• **What is being asked**
Leave out any picture and return the remaining listing below exactly as given.

• **Data extract**
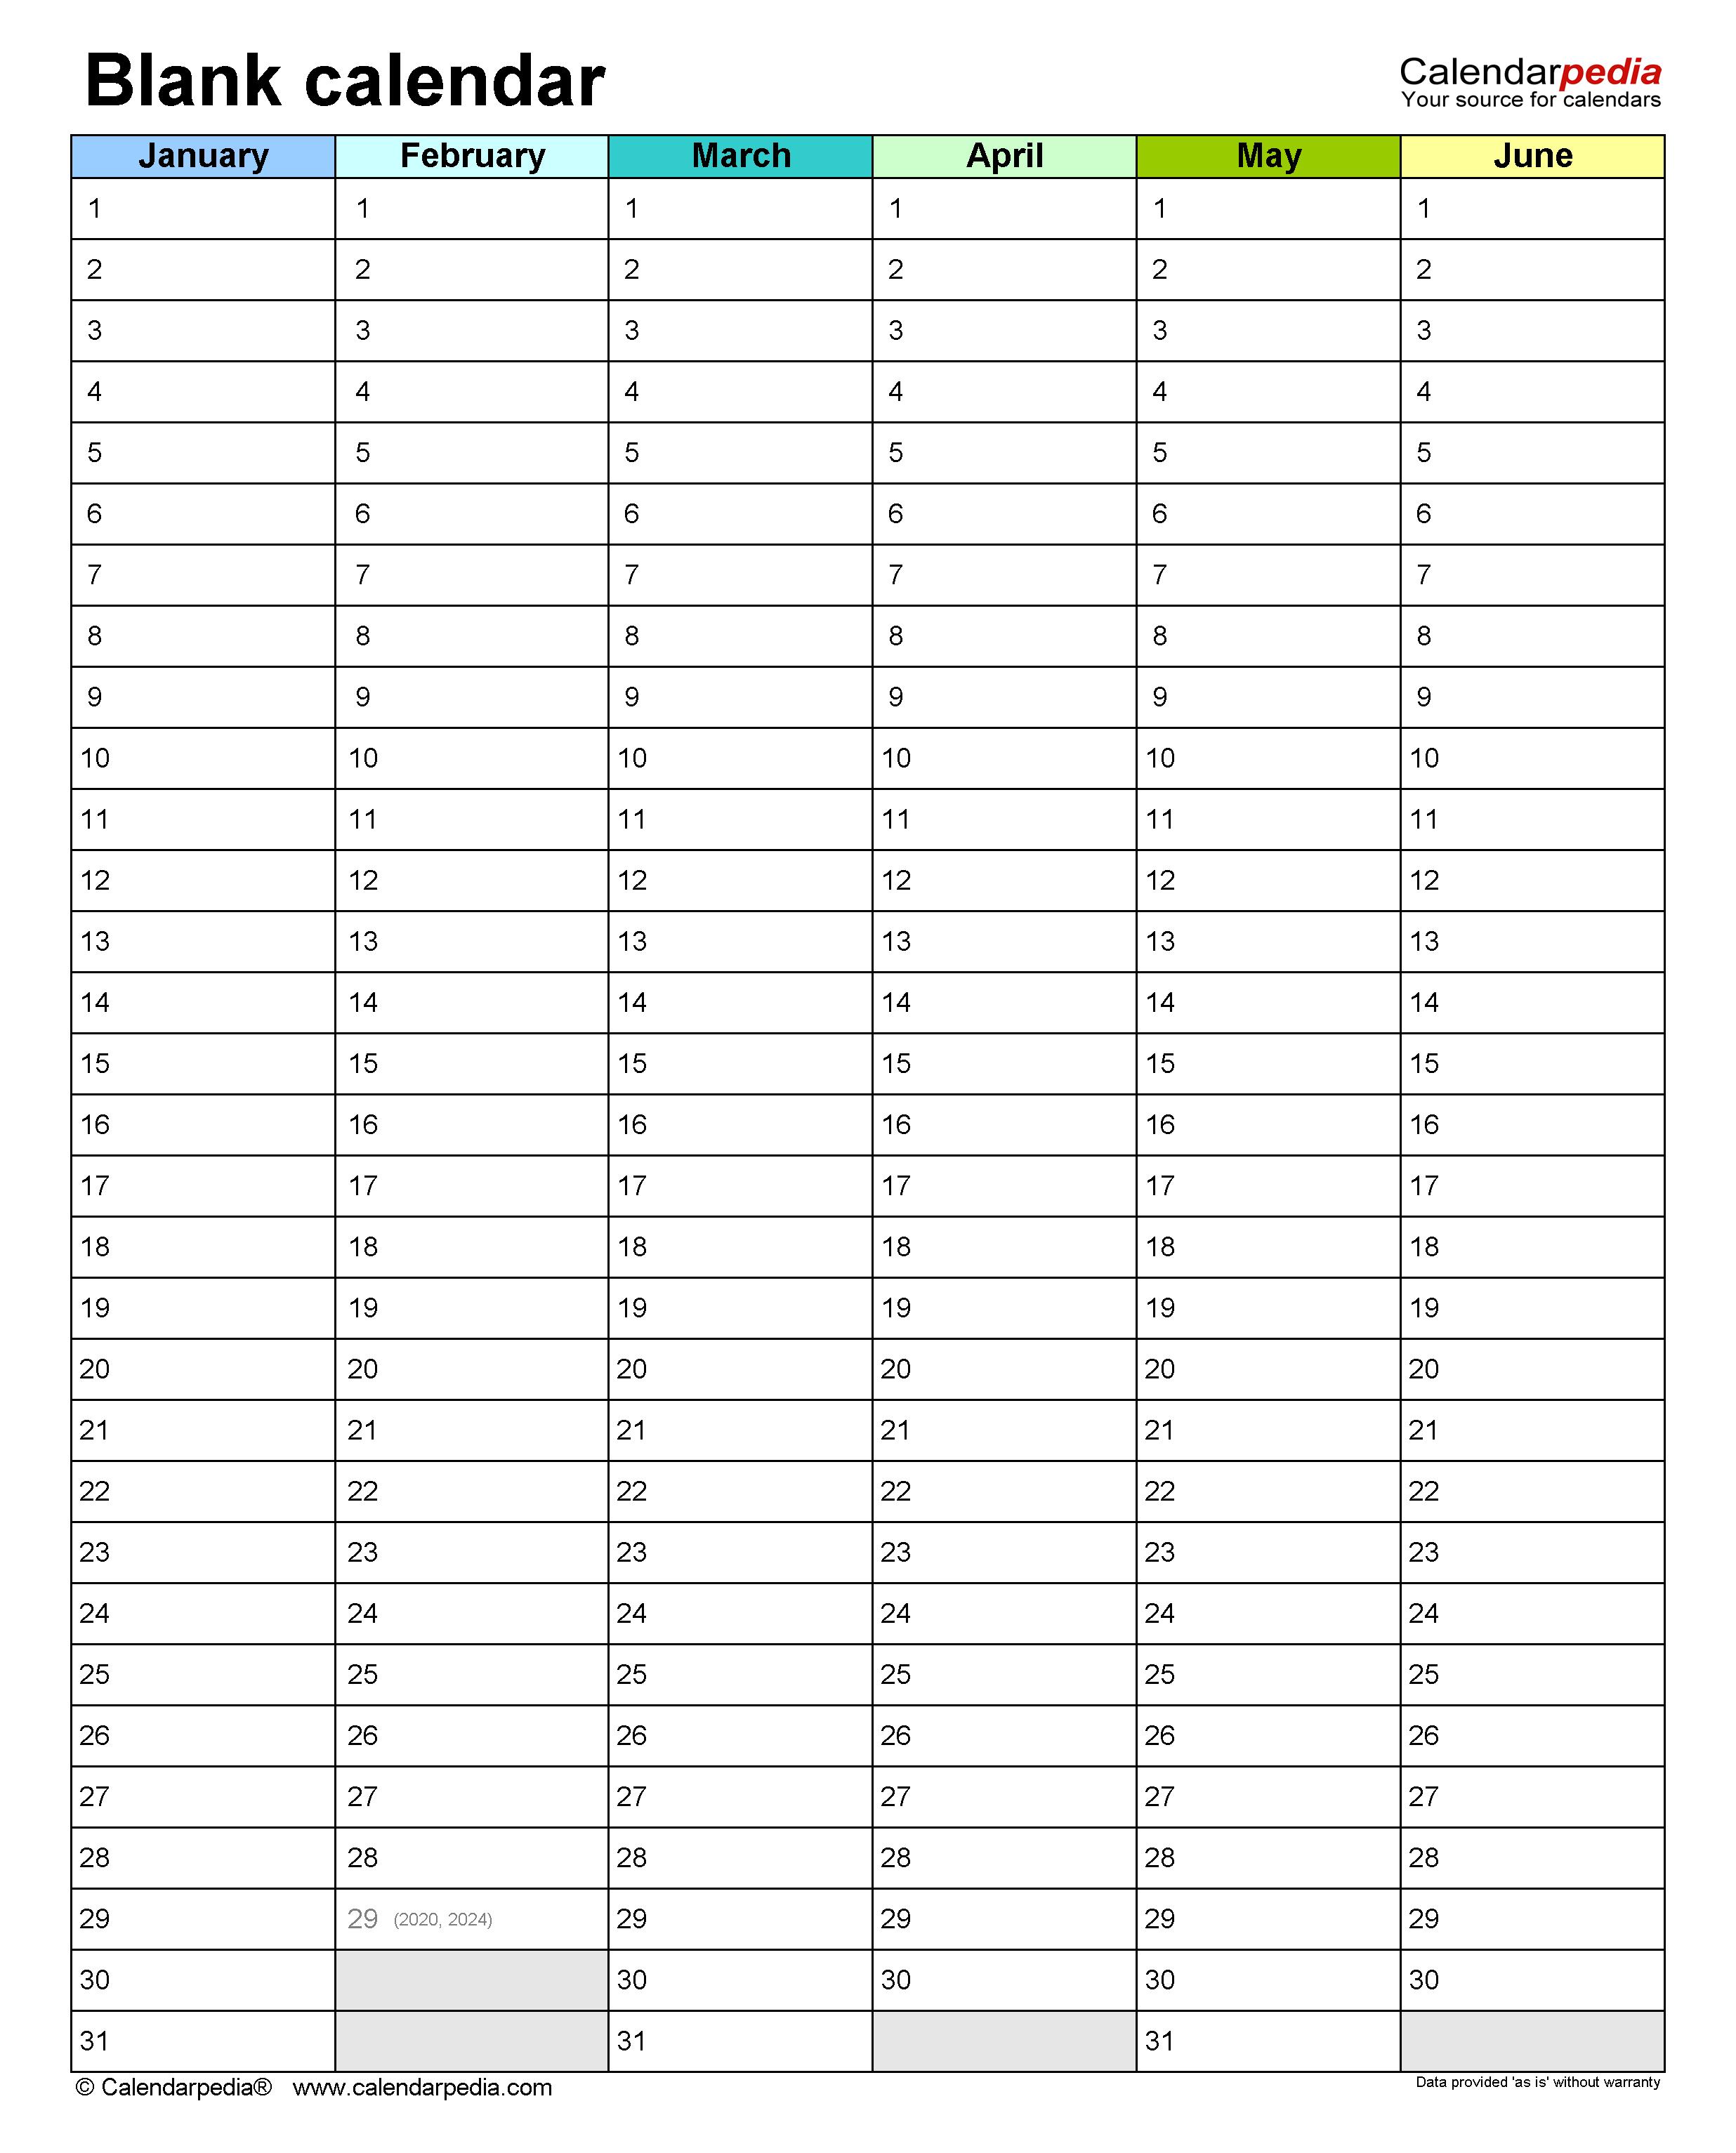 Calendar Template For Word from www.calendarpedia.com
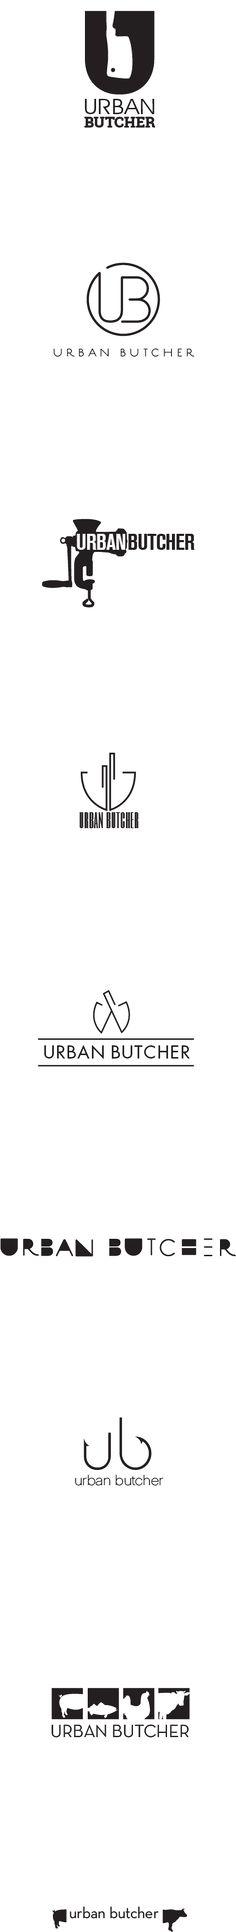 Urban Butcher logos on Behance
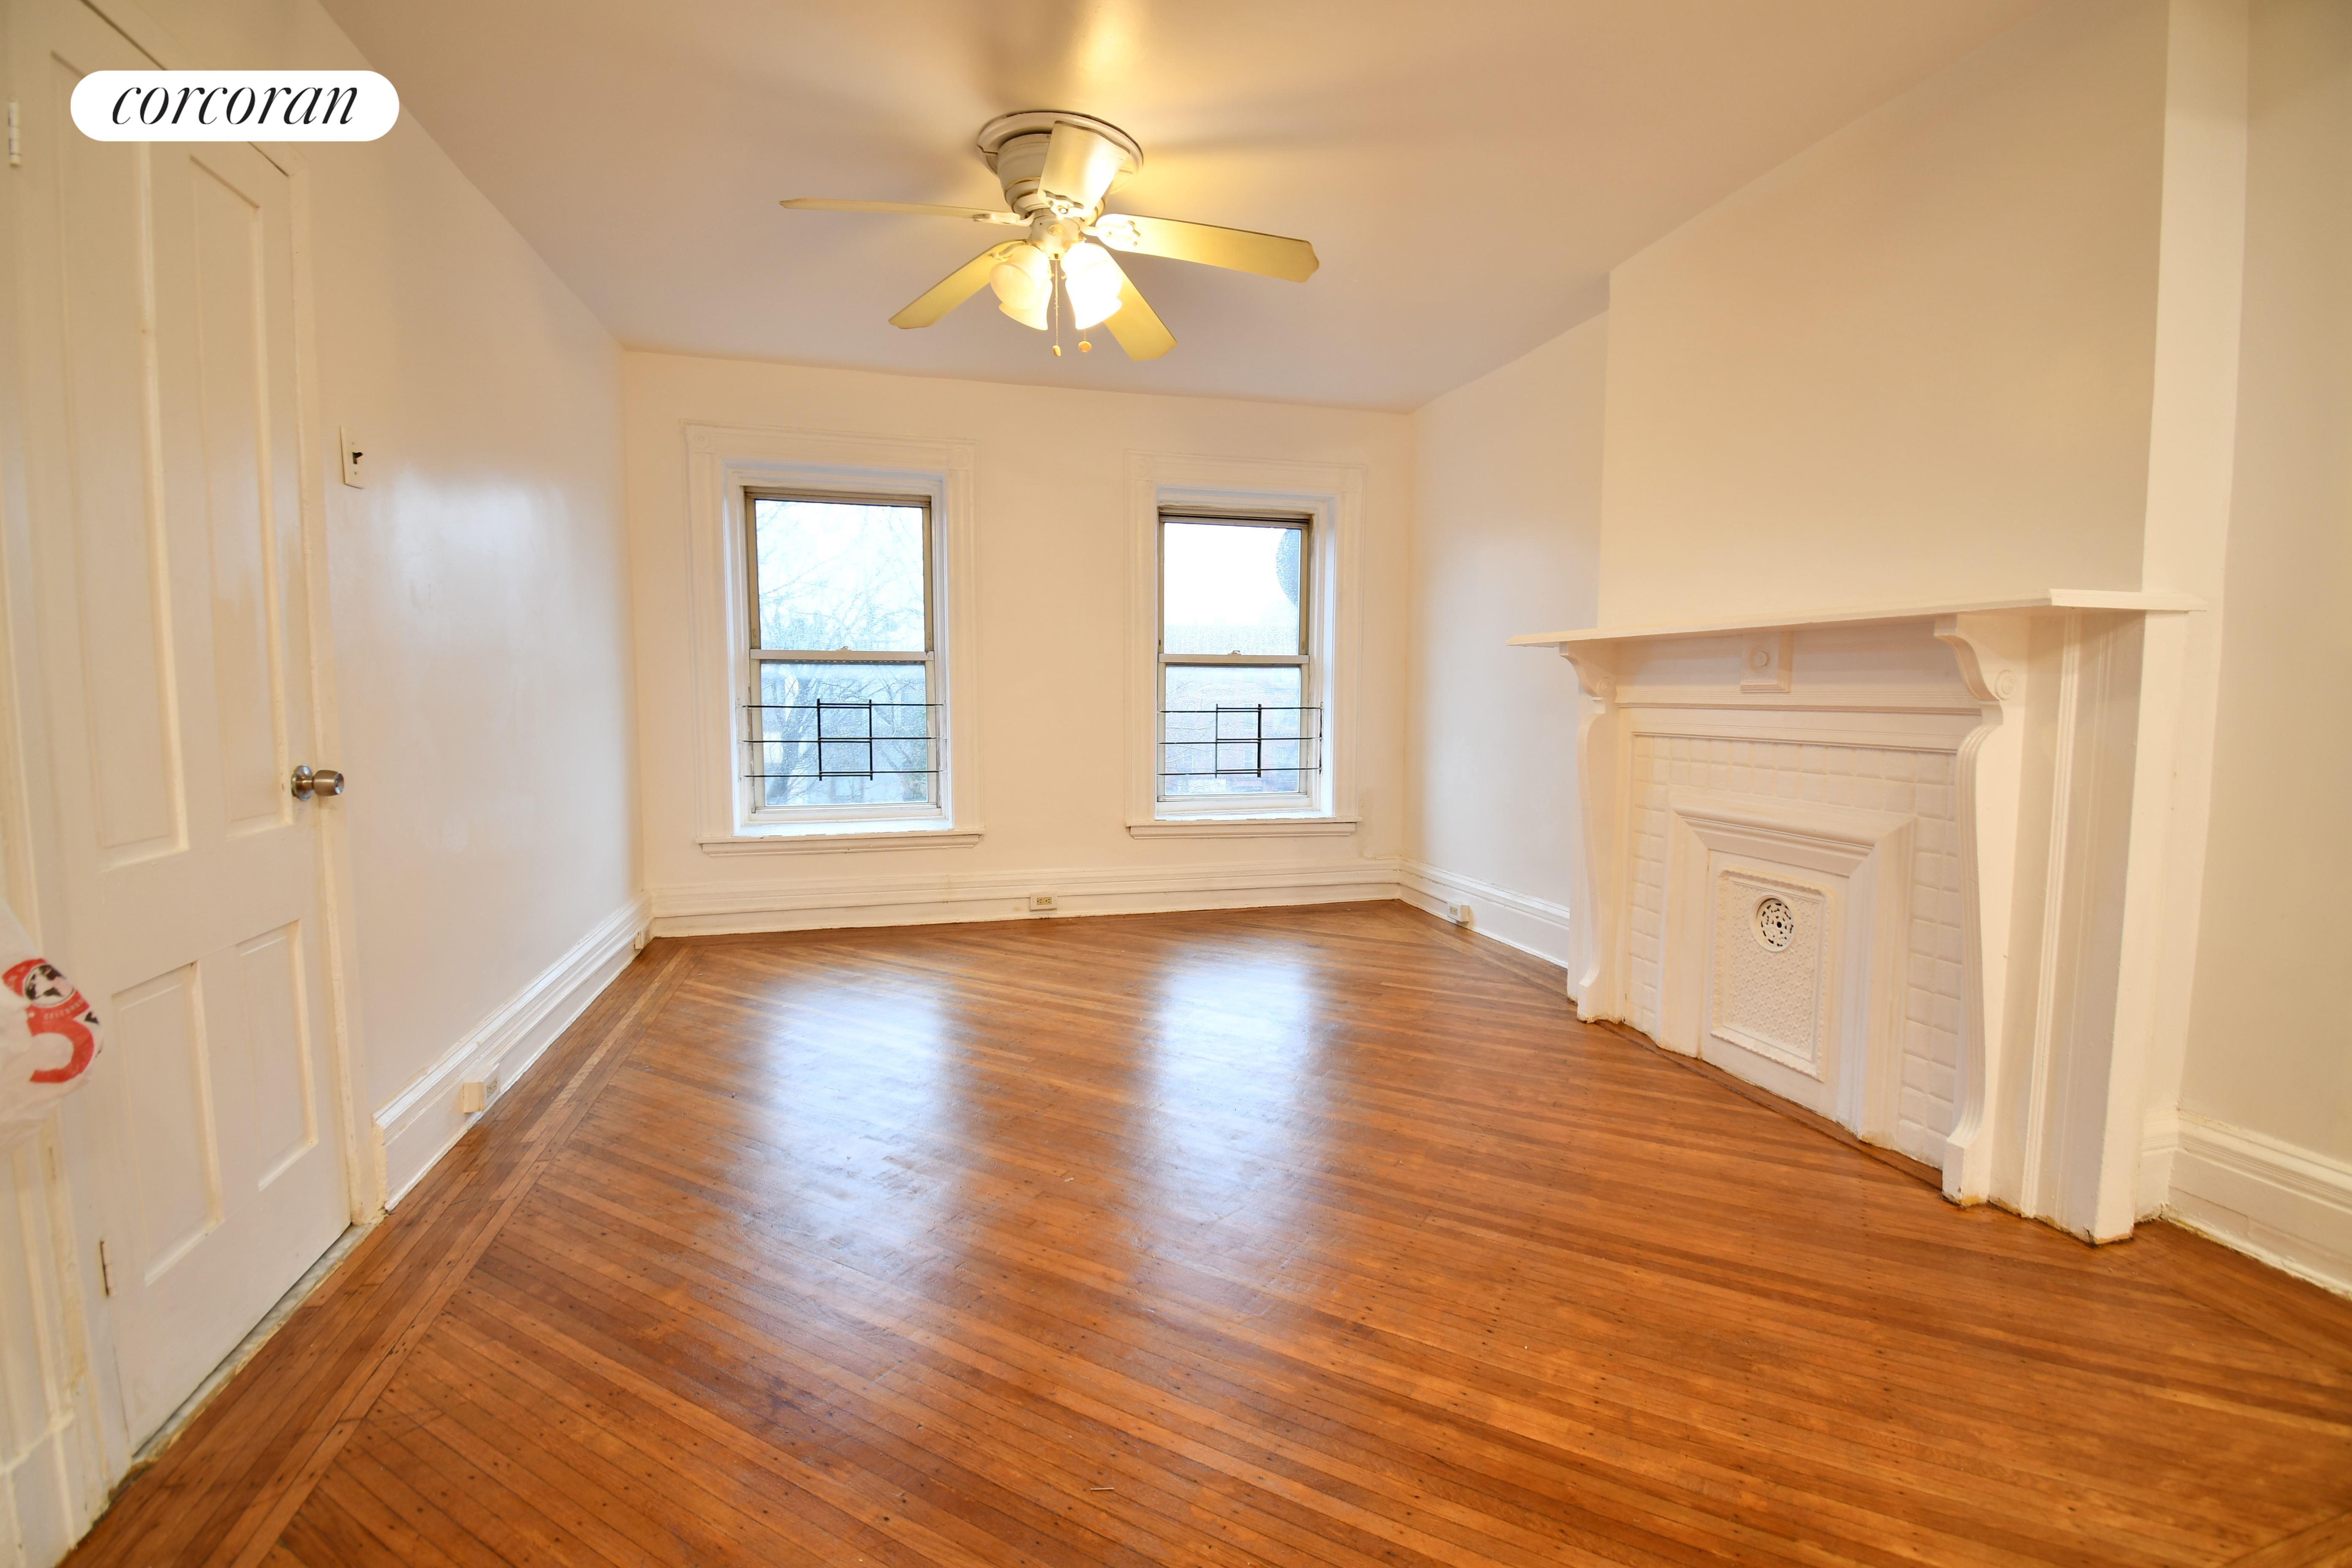 602 MacDonough Street 3 Bedford Stuyvesant Brooklyn NY 11233

• **Finished exercise**
 Calendar Template For Word from www.calendarpedia.com
 Urban Butcher logos on Behance
 602 MacDonough Street 3 Bedford Stuyvesant Brooklyn NY 11233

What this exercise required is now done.